Van Dijk is merely restless to hit the road and appear in larger spaces. "I cannot wait to have this [chance to play] to a big crowd and just share the music in a different way, 'cause that's where you get that first-hand reaction to the music."

Born in London but raised in Eora/Sydney, van Dijk was precocious musically – strumming guitar, singing, and even busking. He had a champion in his dad, Ralph, who presides over the Eardrum advertising agency. The businessman circulated his son's rendition of James Bay's Let It Go, with artist manager Nate Flagrant running it by Australian super-producer M-Phazes (aka Mark Landon). Landon was struck by the tween's preternaturally soulful voice.

Hailing from the Gold Coast, Landon began as a beatmaker, scoring an ARIA for 'Best Urban Album' with 2010's Good Gracious. The underground stalwart teamed with Kimbra on her breakout Vows, but his career accelerated when he contributed to Eminem's Grammy-winning The Marshall Mathers LP 2, enabling him to secure a US visa.

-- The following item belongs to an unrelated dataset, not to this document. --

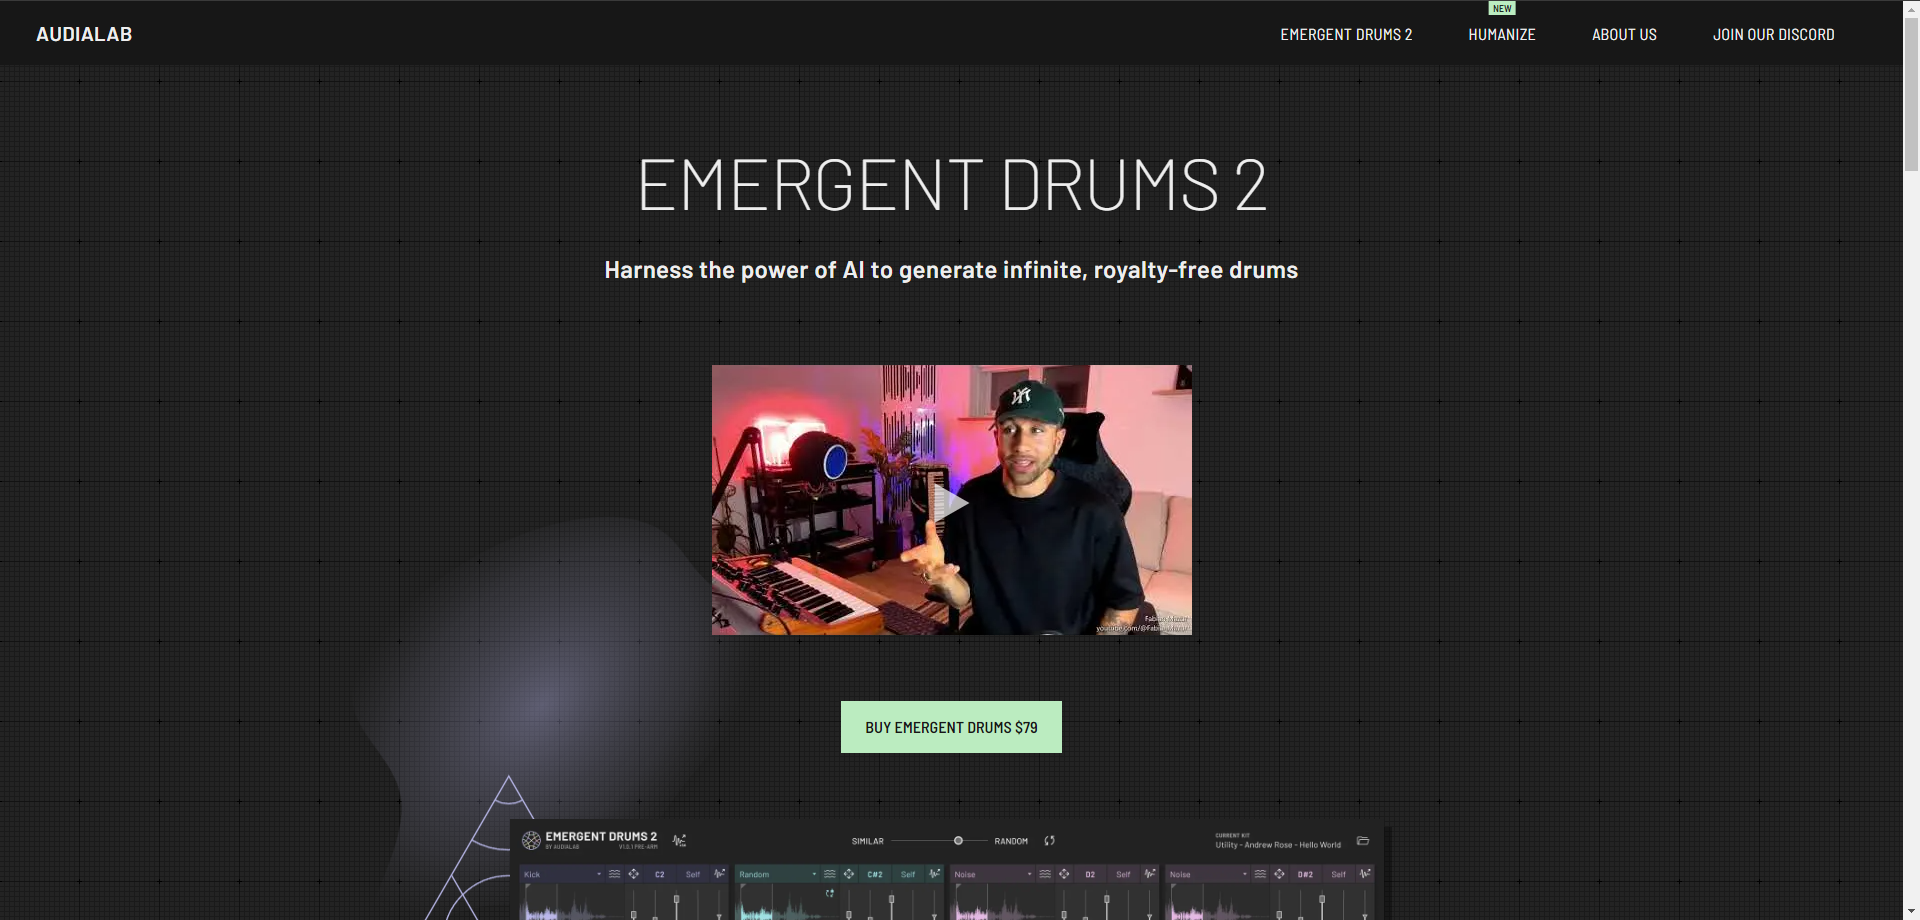 Audialab's Emergent Drums

Landon mentored van Dijk – the pair first collaborating on 2017's Golden Years, the minor necessarily anonymous. Landon was named 2018's 'Producer Of The Year' at the ARIAs (beside Dann Hume) for his work with Amy Shark, the same evening van Dijk won 'Breakthrough Artist – Release' for Dazed & Confused, which he'd helmed.

Landon is still van Dijk's chief studio partner – the prodigy describing him as "truly family". "It's kind of surpassed a working relationship now." They create almost "telepathically," which, van Dijk laughs, "makes it easier and harder in some ways 'cause, when we're both so close to the project, both of us get really into the weeds.

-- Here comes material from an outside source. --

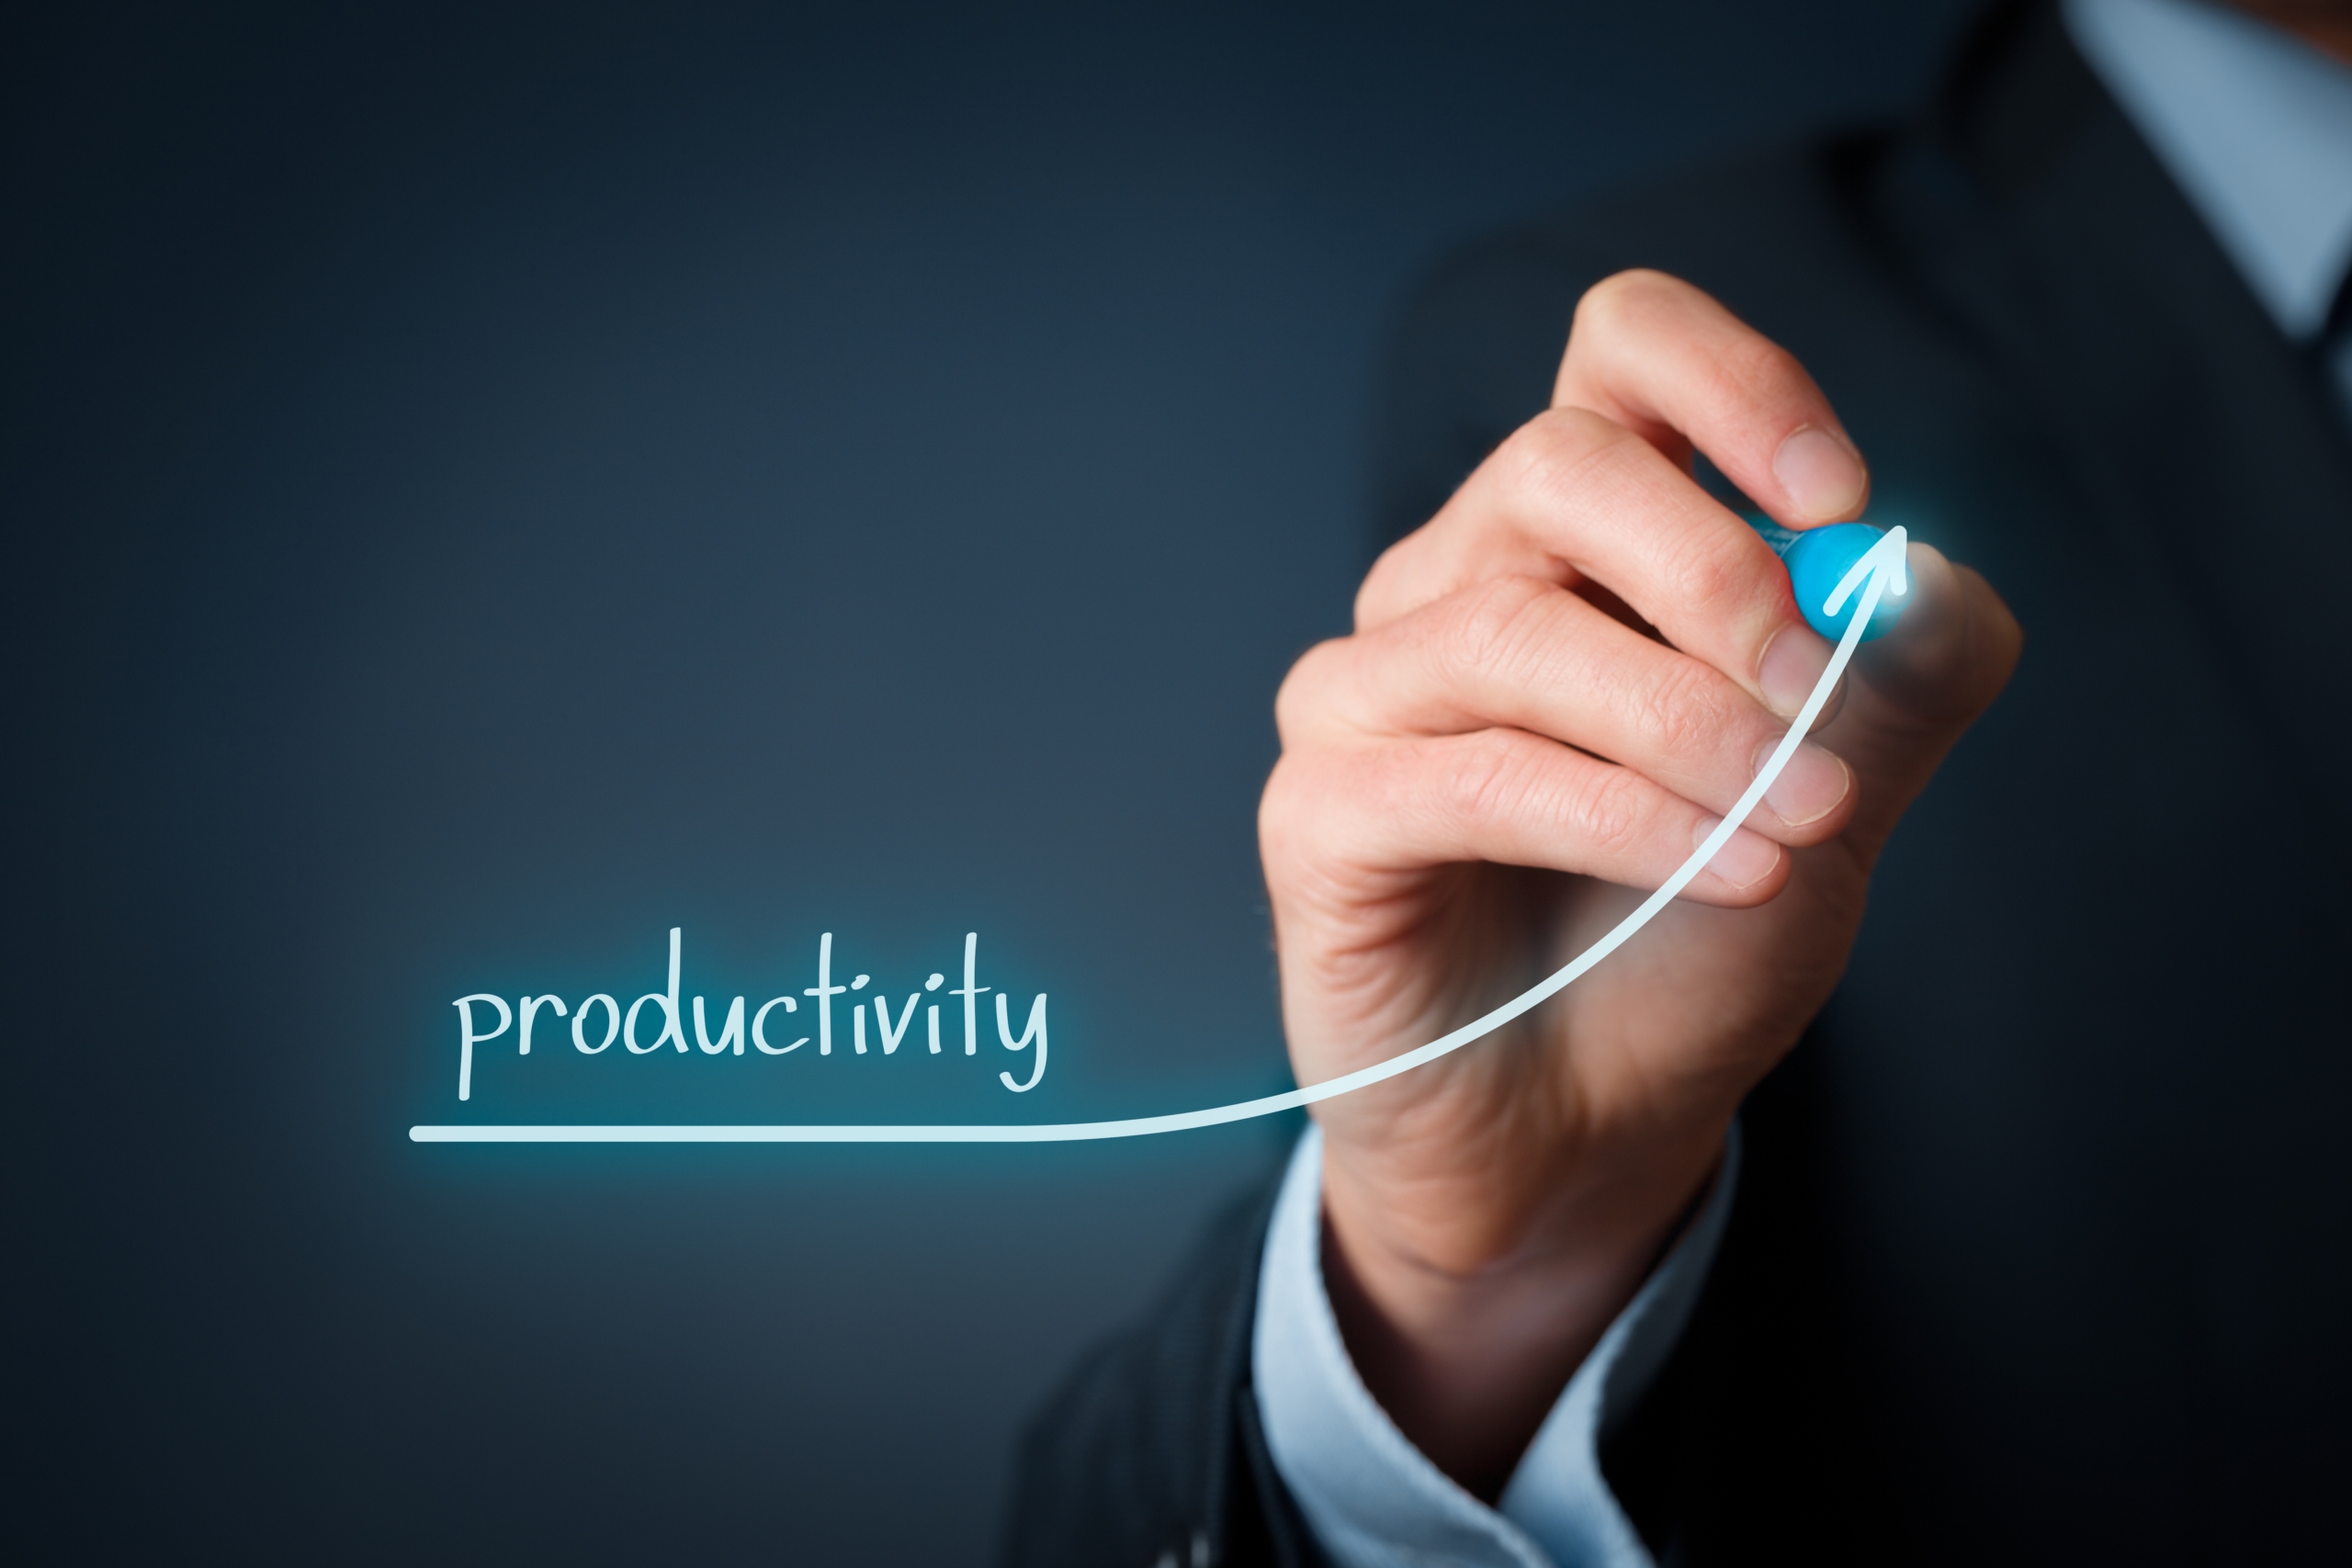 Read Now | Working away on business? Here are 5 ways to productively spend your time | Cotels Serviced Apartments

“Working with [Landon] is the only time I really try to become a perfectionist, 'cause I feel like we know that we can get exactly what each other wants, but it just takes that time – and it can cause that friction a little bit more."

Van Dijk was signed by Tunji Balogun to RCA Records and developed a sonic aesthetic, synthesising vintage soul and progressive R&B – Frank Ocean a touchstone – on 2018's EP Ready. He was personally selected by his hero Tyler, The Creator to play Camp Flog Gnaw Carnival in LA. Along the way, van Dijk quit school, struggling to balance his pop career with his studies. In 2019, he followed with the Free Time EP, presaged by Painkiller – his biggest song, a remix featuring Denzel Curry.

Like Usher, Beyoncé Knowles and Jessica Mauboy, van Dijk grew up in the spotlight. He's similarly navigated the transition to adulthood with grace. "I definitely feel like I'm a reasonably chill person." Even early, van Dijk assumed control of his own narrative, disavowing media training.

"The whole idea of it just kind of weirded me out – 'cause I didn't wanna script myself," he explains. "I feel like I've got a pretty strong sense of who I am and how I wanna be perceived. [But] I think that's only really come recently, in terms of finding more certainty into who I am and who I wanna be."

In 2023, five years on from claiming 'Breakthrough Artist' at the ARIAs and behind an EP trilogy, van Dijk delivered his highly anticipated debut 4TH WALL – reaching #3 on the ARIA Top 50 Albums Chart.

The project surprised with its indie leanings and guitar-rock anthems, van Dijk earning comparisons to Harry Styles – although he was surveying cult indie hero Elliott Smith's discography. 4TH WALL had an intriguingly meta concept, with themes of stimulated reality, public scrutiny and detachment inspired by Peter Weir's film The Truman Show.

Soon after, van Dijk left Sony and aligned himself with the independent Giant Music in the US, prompting a permanent relocation to California – less of an adjustment as he'd spent time there. "Moving to LA was just the most productive thing to do," he states. "I kind of got to a point where I was like, 'OK, I'm just gonna get out there for this album and fully make the jump.'"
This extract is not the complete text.